Orwell, language and thought

In the comments thread for my post on ‘political correctness’, Derrida Derider argues, citing Orwell, that

The language gamesters are unfortunately right – you CAN change the way people think, up to a point anyway, by changing language.

I think Orwell’s discussion of the issue left some ambiguities unresolved. Orwell is clear on the point that sloppy language can be a tool for self-deception. The prime example of this is the 1984 concept of ‘doublethink’, the capacity to maintain two contradictory beliefs at the same time that is essential to survival in a totalitarian system.

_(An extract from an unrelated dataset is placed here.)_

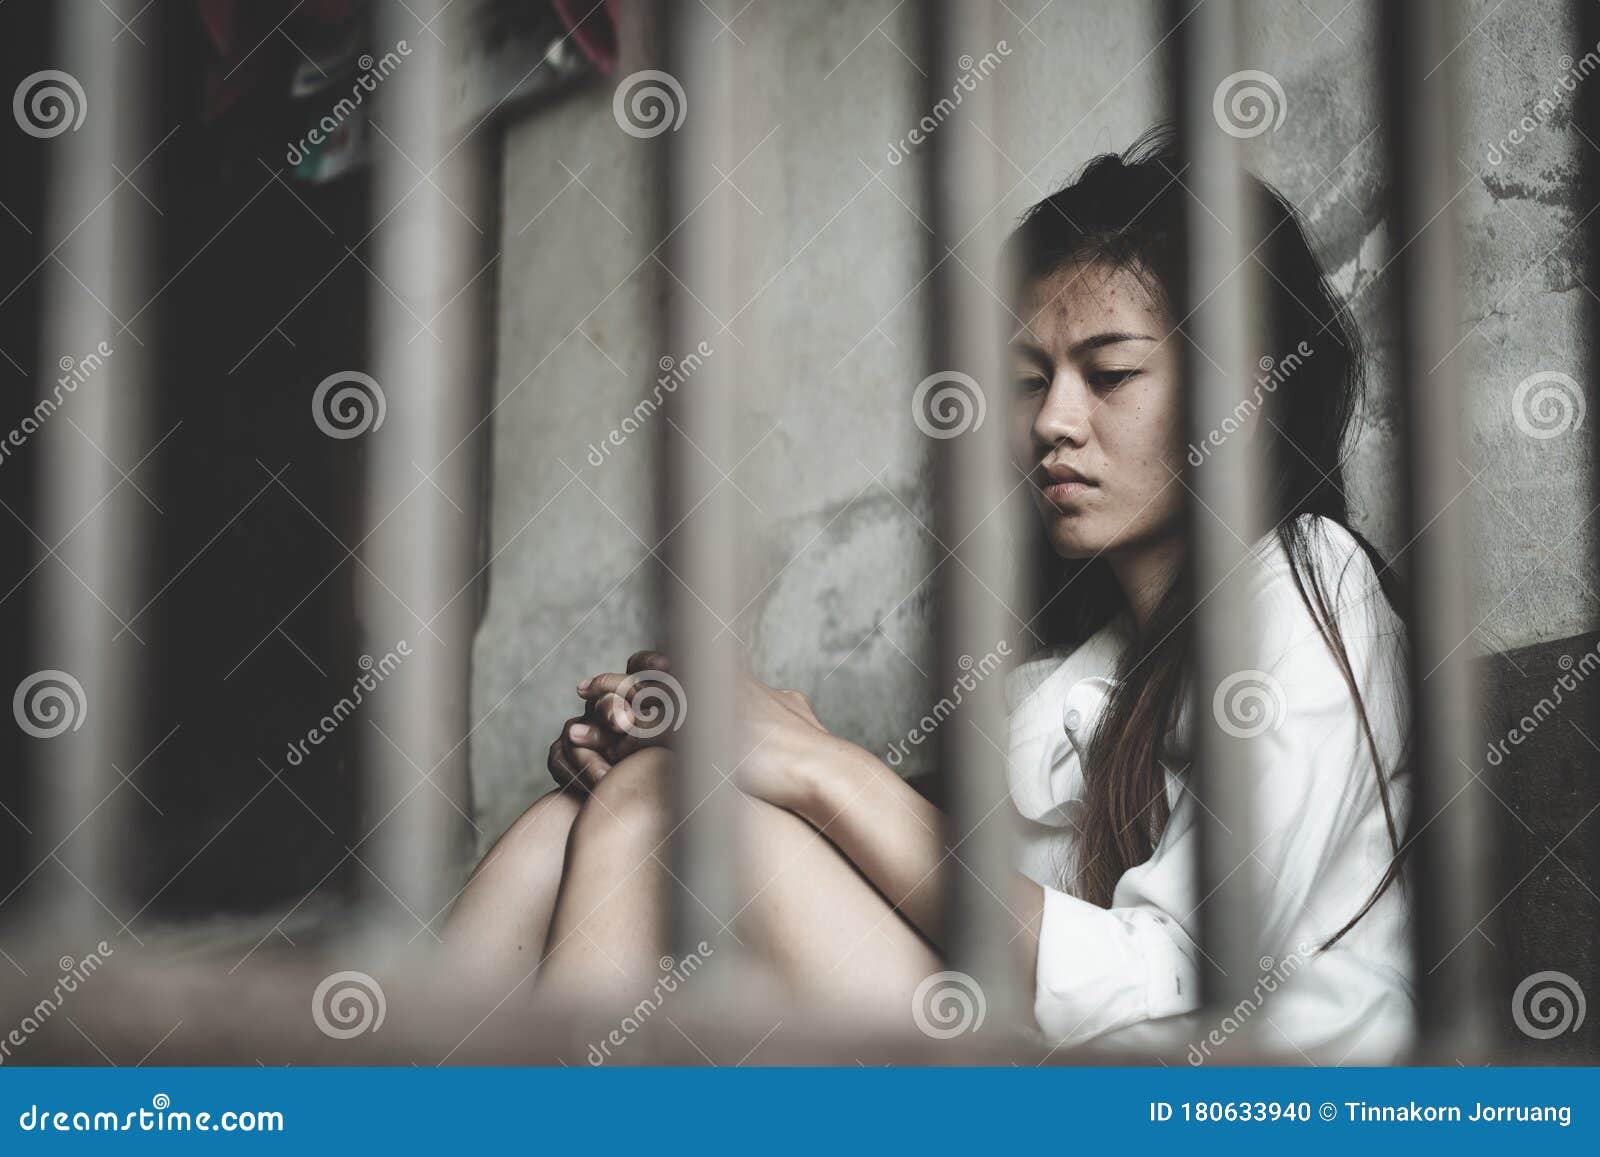 Cute Teen Slave - The Hopeless Slave Girl is in a Cell. Women Violence and Abused Concept,  Imprisonment, Female Prisoner, Human Trafficking Concept Stock Photo -  Image of adult, guilt: 180633940

But the other side of doublethink is that, at some level, everyone knows the score. Experience of totalitarian systems over a long period suggests that in the end, command over language does not entail command over thought. Rather, in a totalitarian system, people necessarily develop a series of language codes:

  • the official propaganda language for business dealings
  • ,

  • a set of very subtle and deniable codes for talk with a general circle of friends to be used, for example, to refer to blackmarket transactions or office politics
  • and a still-coded but more direct language for intimate friends who can be presumed ‘safe’
  • .

I’ve referred to totalitarian systems in general, but in fact a lot of this discussion is only really applicable to Communist systems, which claimed to be democratic socialist states run by and for workers. Reflecting La Rouchefoucauld’s maxim that ‘hypocrisy is the tribute vice pays to virtue’, the maintenance of this claim in states which whose oligarchical and exploitative nature was evident to all required a high degree of ‘thought control’.

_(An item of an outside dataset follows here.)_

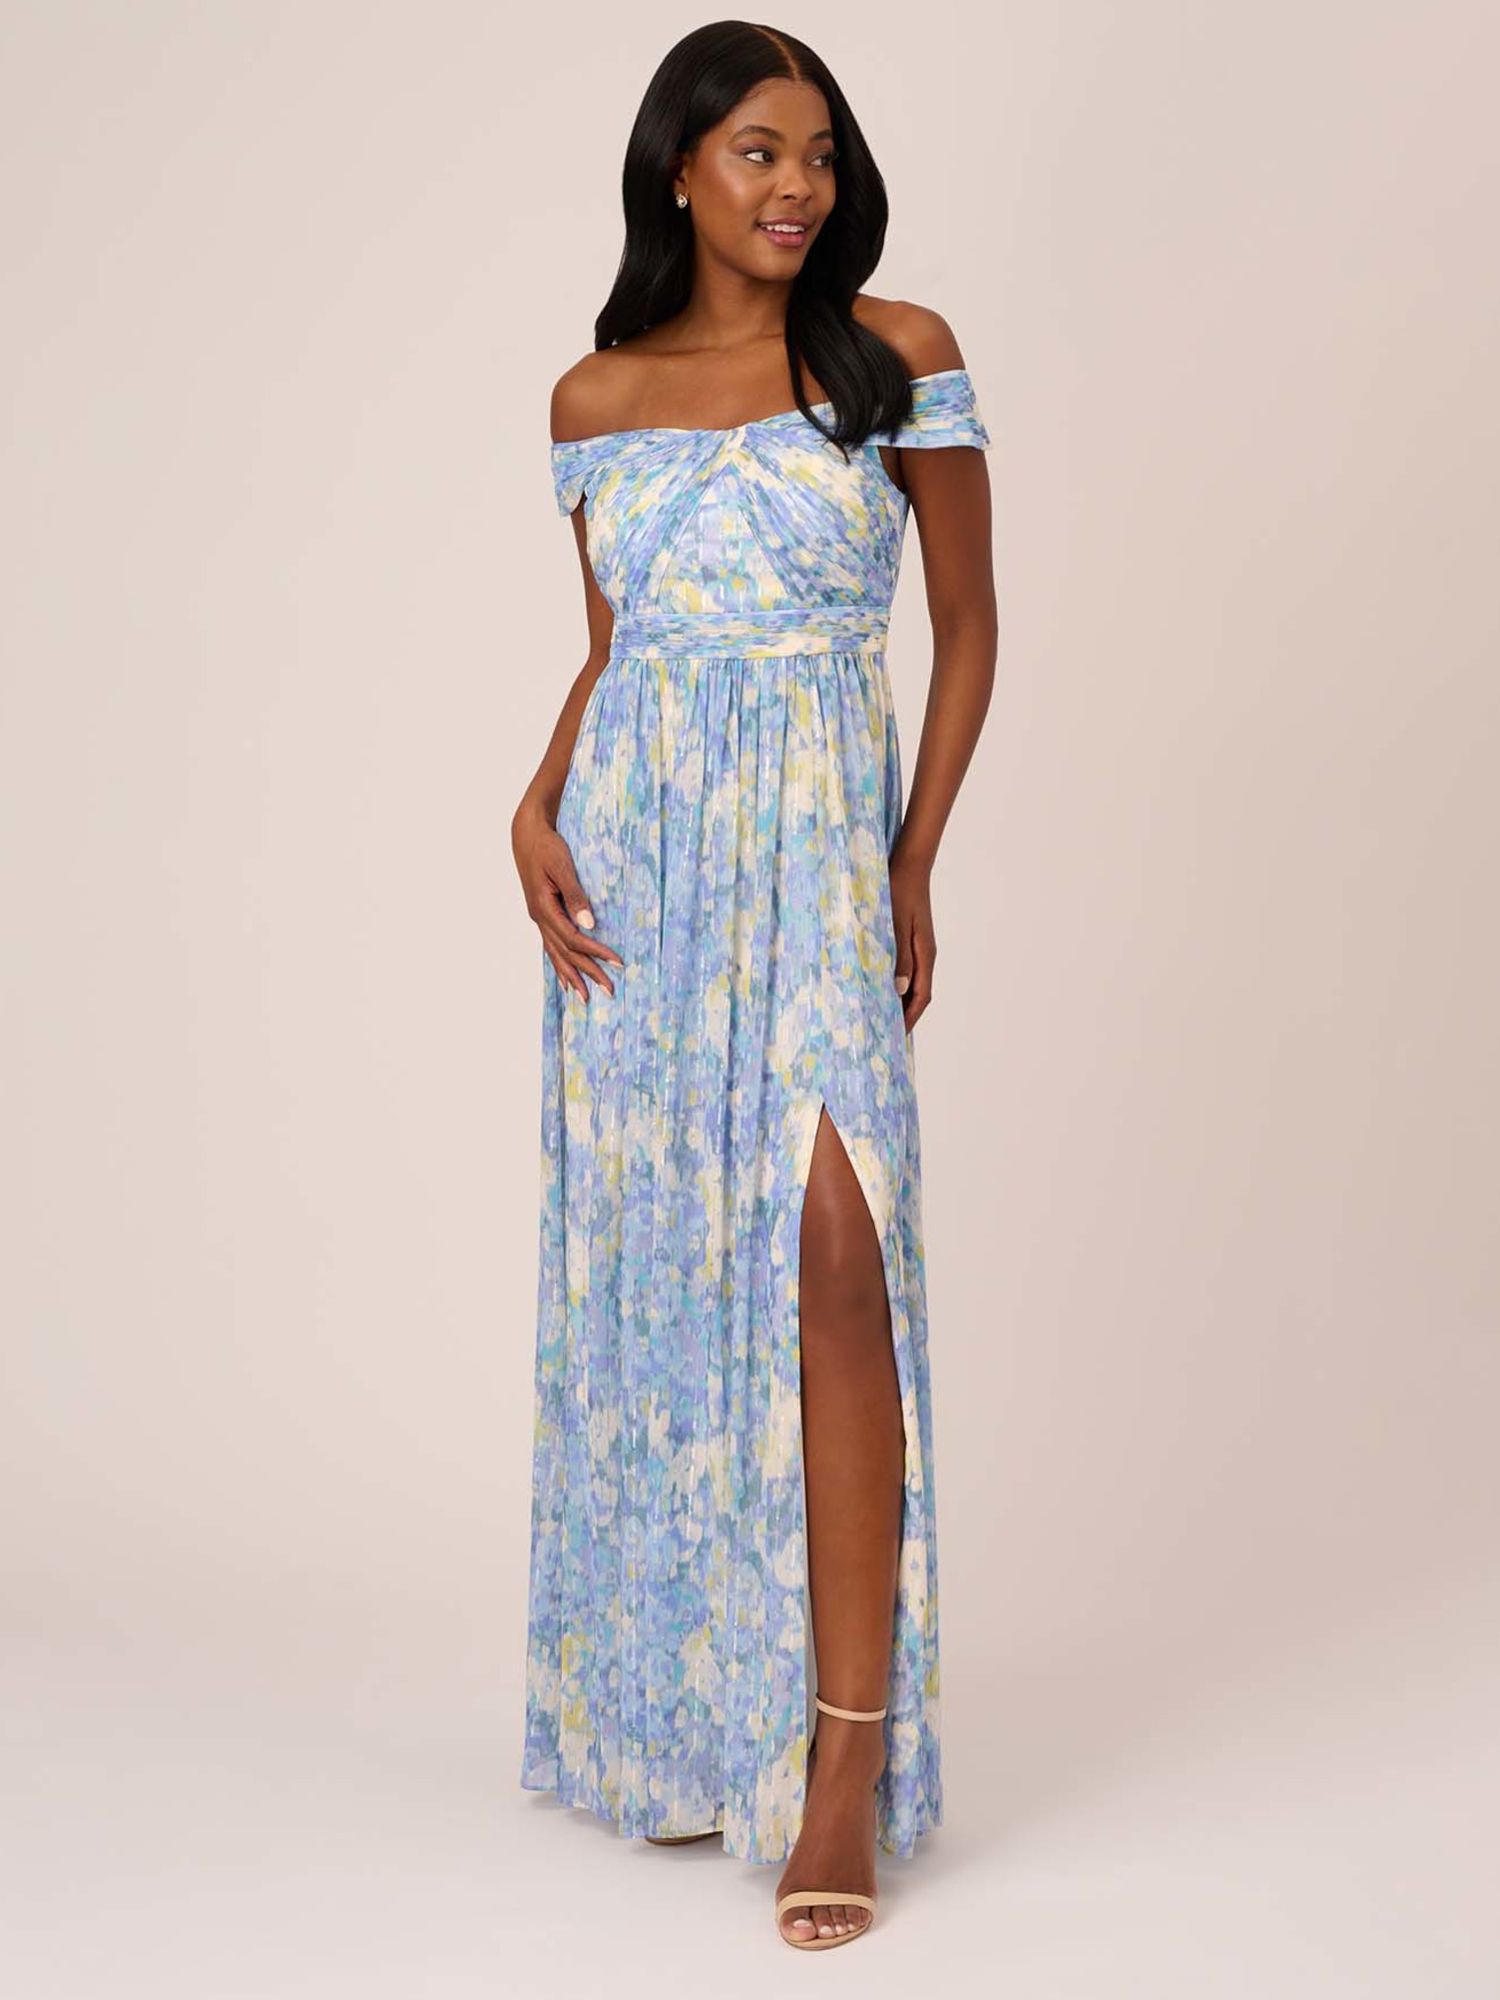 Adrianna Papell Watercolour Floral Off The Shoulder Maxi Dress, Blue/Multi,  6

By contrast, as I observed in my review of Lilla’s Reckless Minds, ‘Although Nazi propaganda was mendacious in every detail, it never concealed the fundamental nature of Nazism.’ The Nazis never pretended to embody ideals of peace and democracy, openly declaring their preference for war and mastery. As a result, the language of the Nazis was mostly simple and direct. As with Bismarck a generation or two earlier, Nazi rhetoric was full of references to blood and iron, and this was a pretty fair summary of what they actually gave the world.